I had fun drawing ladders into my etchings, connecting things, like thoughts, of planes of consciousness.
And stringing along the trajectory of human experience, you know, birth, life, death birth, life, death.


In the signature where I have iconized my mother, and also did Xerox of her and me, I used end signatures I had left over from an edition of poems from a Rumi book I printed for Coleman Barks.
I like using Xerox and commercial papers in conjunction with the hand made papers (blue green) I made in Wisconsin many years ago.


I had learned a blanket stitch from Michael Burke and used that around the hole I cut with the hand showing through (One Handed Basket Weaving/Jelaluddin Rumi. Versions by Coleman Barks.)


On the colophon page I started each line with a cap, spelling out my name, vertically as you read down.


And hiding at the end of book is another poem about being on retreat in a hut, with an etching printed relief rolled and worked into, based on a courtyard in Florence, Italy, from a sepia print I inherited from my Grandfather who got it there in 1896.

The stories go on. My friend lived 5 years longer.”
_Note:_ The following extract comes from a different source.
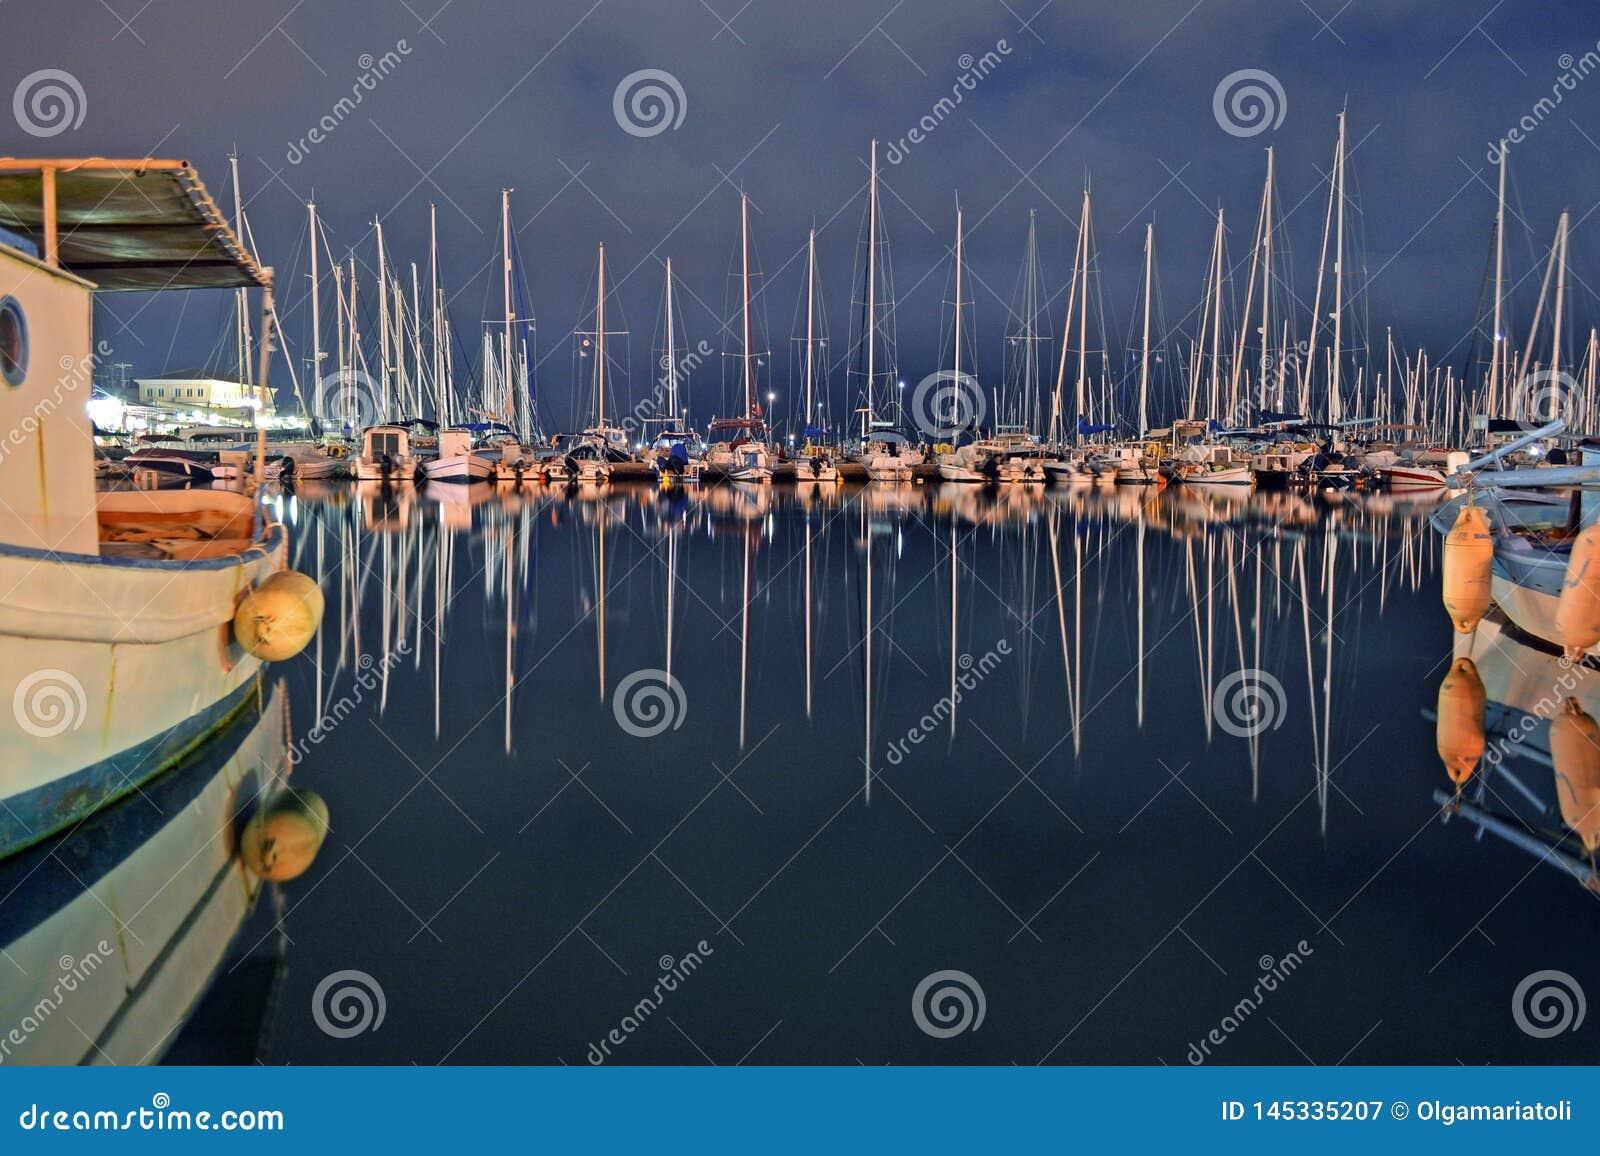 Reflexion von Segelbooten in Lefkas Hafen

Colophon: “Resurrected and transmogrified etchings form the basis for this Infinitesimal edition, primarily printed letterpress. Actual copies: Seven, using Dante and Goudy Engraved. Text papers include Arches BFK, and Somerset. Endpapers & concertina guards: Nefertiti, Long ago made by hand at Barcham Green Mill, and hoarded by me Awaiting the right project! Overprinted relief-roll etchings When Murshid Sings and Earthquake, may include laser-print, egg tempura, Assorted colored pencils, polymer plates, Xerox, cut-outs, sewing & Reticulated energy patterns. The laced-cords wooden board binding You are holding, is based on an 8th c. model. Hand-planed covers, Laboriously covered with deer or goatskin, are fitted with brass Ornaments. Thanks to both Laura Wait & Michael Burke, models of Undying inspiration. Copies are hand numbered.” Rare Books copy is no. 2.”

Artist’s addendum to colophon: “Maple and cherry covers are not covered. Bas-relief of right and left hand, carved into the front and back covers.


Books come enclosed in drop spine boxes. Trays are black calf or goatskin lined with white deer or golden elk skin. Outer covers: there are two purple ostrich and two of teal ostrich; two more of lime green bovine; and one in lime green goatskin.


Leather straps match the outer covers, and attach to brass hand-filed knobs on the fore-edge. A copper disc is inlaid on the front cover, a debossed crescent moon at its base. My Opus.”